Oliver Sachs, the mysteries of the human brain, human existence

Sachs was a neurologist and great thinker/writer. He wrote about his experiences as a neurologist. Fascinating books, fascinating man.

His work reminds me of Theodore Dalrymple–lucid, erudite, insightful, observant.

He died recently and I saw this nice discussion today. Died at 82, we were lucky to have him around. Another example of the contributions of Brits to culture and the arts, but also just empirical thoughtful writing and scholarship.



3 responses to “Oliver Sachs, the mysteries of the human brain, human existence

  1. Oliver Sachs was also a member of the Freedom from Religion Foundation – an organization dedicated to eliminating religious views from the marketplace of ideas.
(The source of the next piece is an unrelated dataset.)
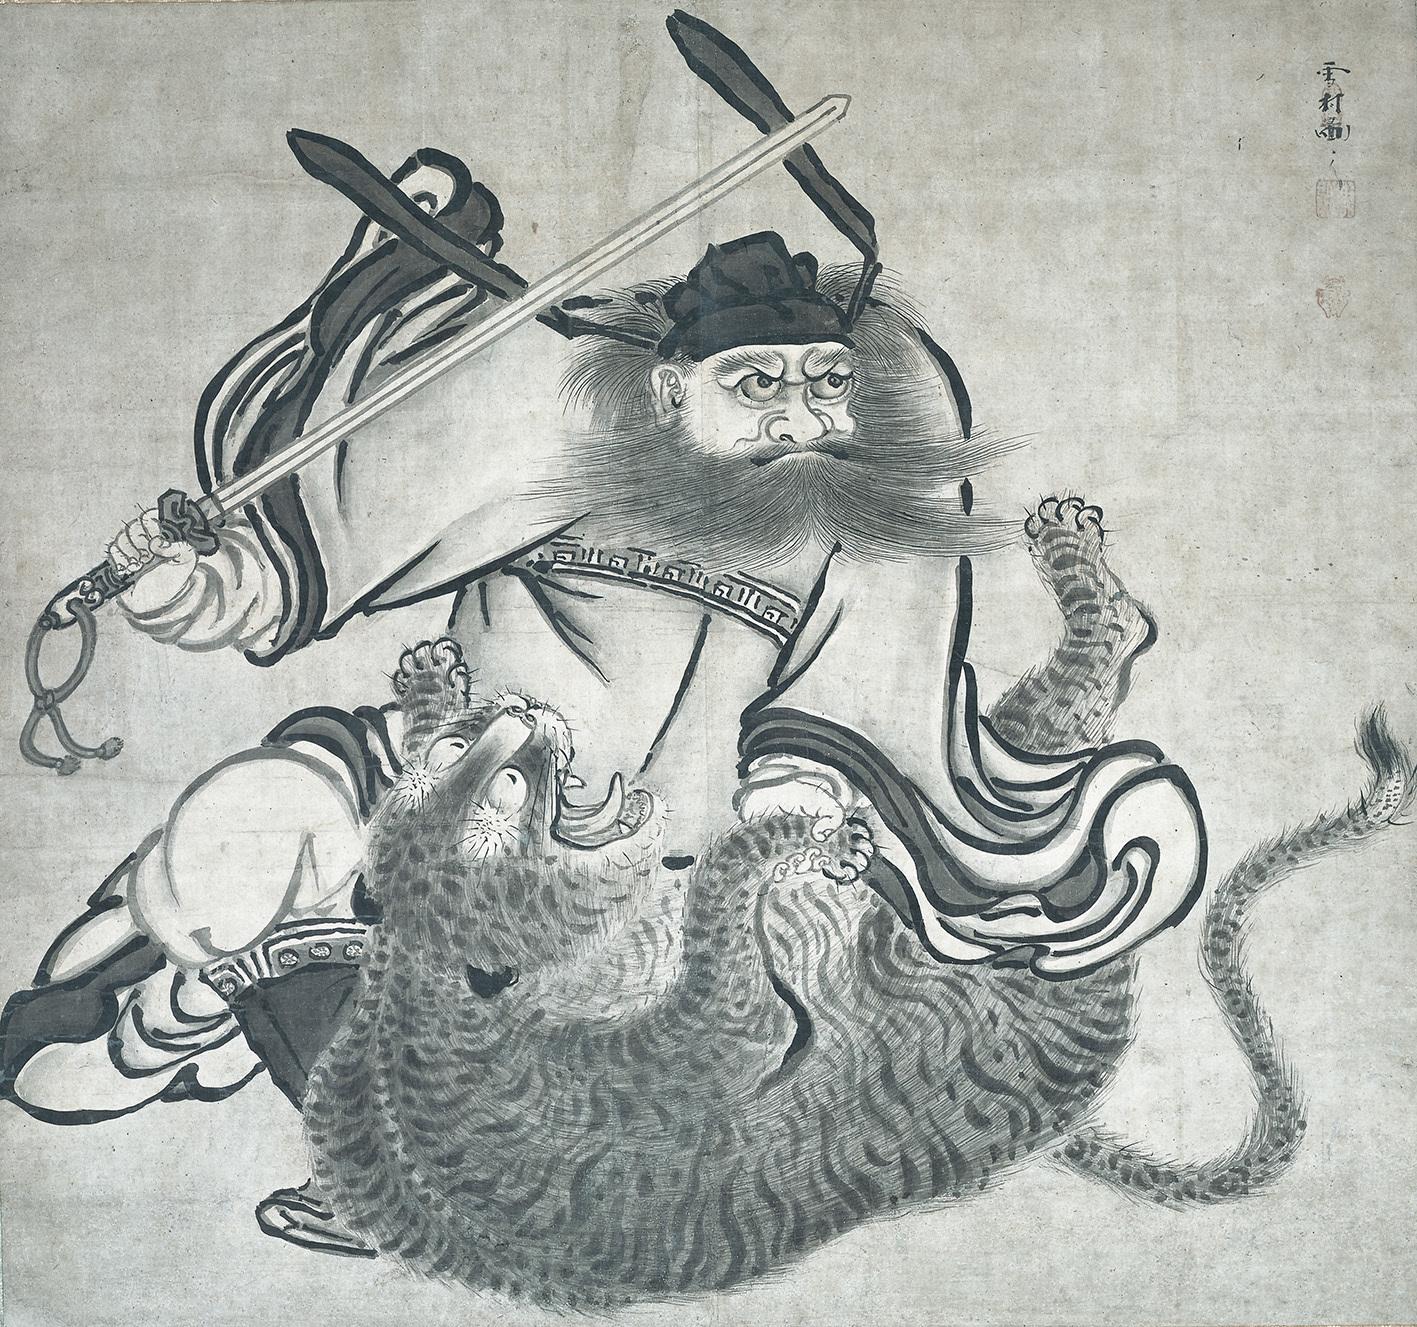 雪村筆 《鍾馗図》 1幅 100.2×106.7cm 個人蔵 【展示期間:4月25日~5月21日】

In that capacity, Sachs contributed to tyranny and was an opponent of Constitutional rights.

    • That is most distressing to hear, since I never got th impression he was anything but a humanist. Fanatic atheism is symptomatic of megalomania–and maybe he had a charming form of man is god attitude. He ought to have known from his studies of humans that we certainly are imperfect gods, if that.

      People of science and scholarship are susceptible to their own grand opinion of themselves, aren’t they?

    • HUmility is the essence of real greatness, which is why I do believe the stoics had it right.

      Nothing can substitute for humility and a desire to be virtuous.